Q5. Solve the "number of times a sorted array is rotated" problem.
#include <iostream>
using namespace std;
// Function to find the number of times a sorted array has been rotated
int no_of_times_rotated(int arr[], int n) {
int low = 0, high = n - 1; // Initialize search boundaries
while (low <= high) {
// If the array is already sorted, it hasn't been rotated
if (arr[low] <= arr[high])
return low;
int mid = low + (high - low) / 2; // Calculate mid to prevent overflow
// Check if mid is the pivot (smallest element)
int prev = (mid - 1 + n) % n; // Previous element (circular index)
int next = (mid + 1) % n; // Next element (circular index)
if (arr[mid] <= arr[prev] && arr[mid] <= arr[next])
return mid;
// Decide the search space
if (arr[mid] >= arr[low])
low = mid + 1; // Search in the right half
else
high = mid - 1; // Search in the left half
}
return -1; // Return -1 if no rotation is found (edge case, should not occur)
}
int main() {
int n;
cout << "Enter length of array: ";
cin >> n; // Input array length
cout << "Enter elements of the array: ";
int arr[n];
for (int i = 0; i < n; i++) {
cin >> arr[i]; // Input array elements
}
// Output the number of rotations
cout << "The number of times the array has been rotated: " << no_of_times_rotated(arr, n);
return 0; // Indicate successful execution
}
This code finds the number of times a sorted array has been rotated using a binary search approach. The function no_of_times_rotated identifies the pivot element (the smallest element) in the rotated array, which corresponds to the number of rotations. It does so by comparing the mid element with its neighbors in each iteration. If the array is already sorted (i.e., the element at the start is less than or equal to the element at the end), it returns 0 rotations. Otherwise, it adjusts the search boundaries by checking whether the left or right half is sorted, narrowing the search space until the pivot is found. The index of the pivot is returned, indicating the number of rotations. This solution has a time complexity of O(log n), making it efficient for large arrays.

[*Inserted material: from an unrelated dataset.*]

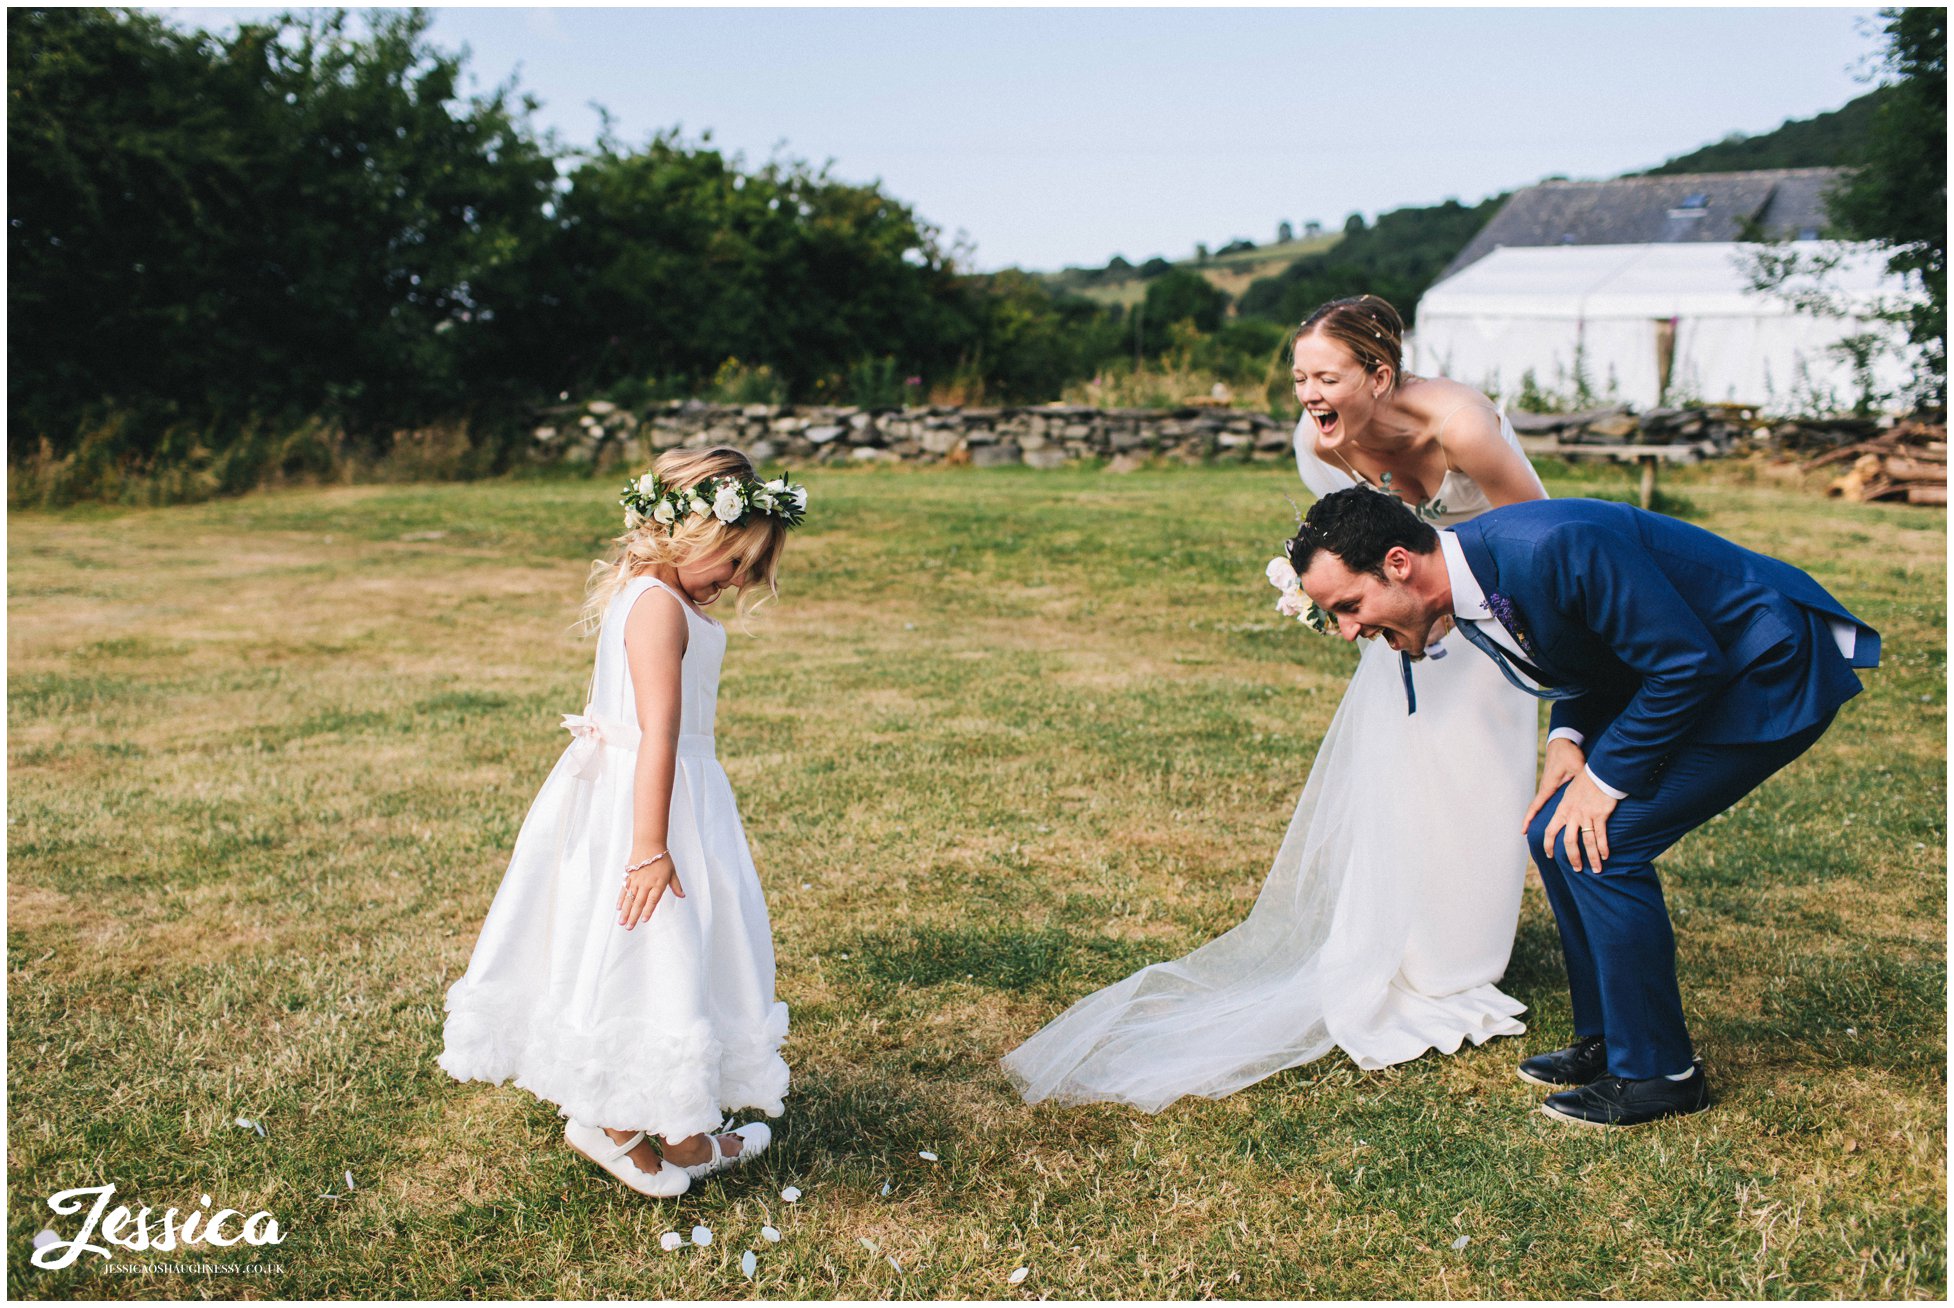 flower girl throws confetti over the couple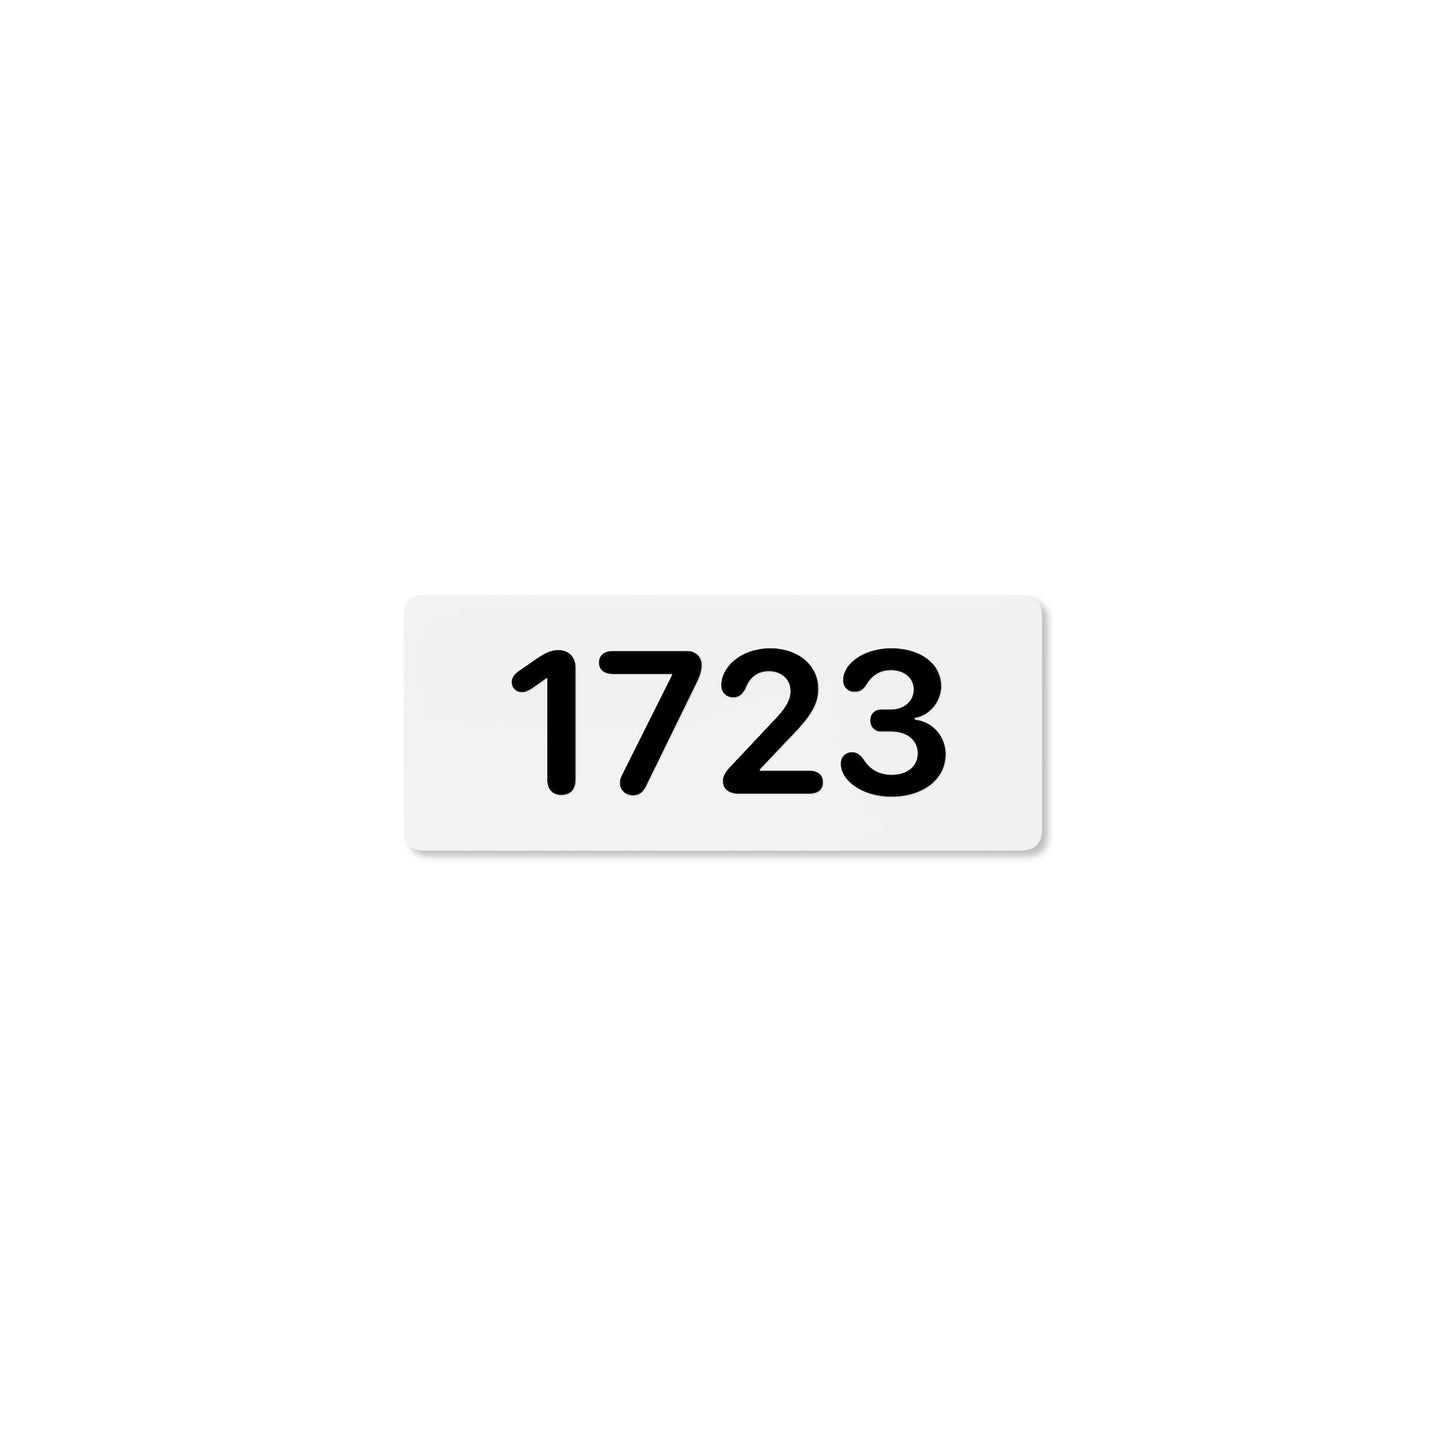 Numeral 1723

Today's practice deepened my understanding of advanced applications of Binary Search. From solving allocation problems to calculating medians and rotations in arrays, I learned how versatile and powerful this algorithm is in tackling complex challenges. These exercises have equipped me with valuable techniques to handle intricate searching problems more effectively. I look forward to exploring even more advanced topics in the days ahead!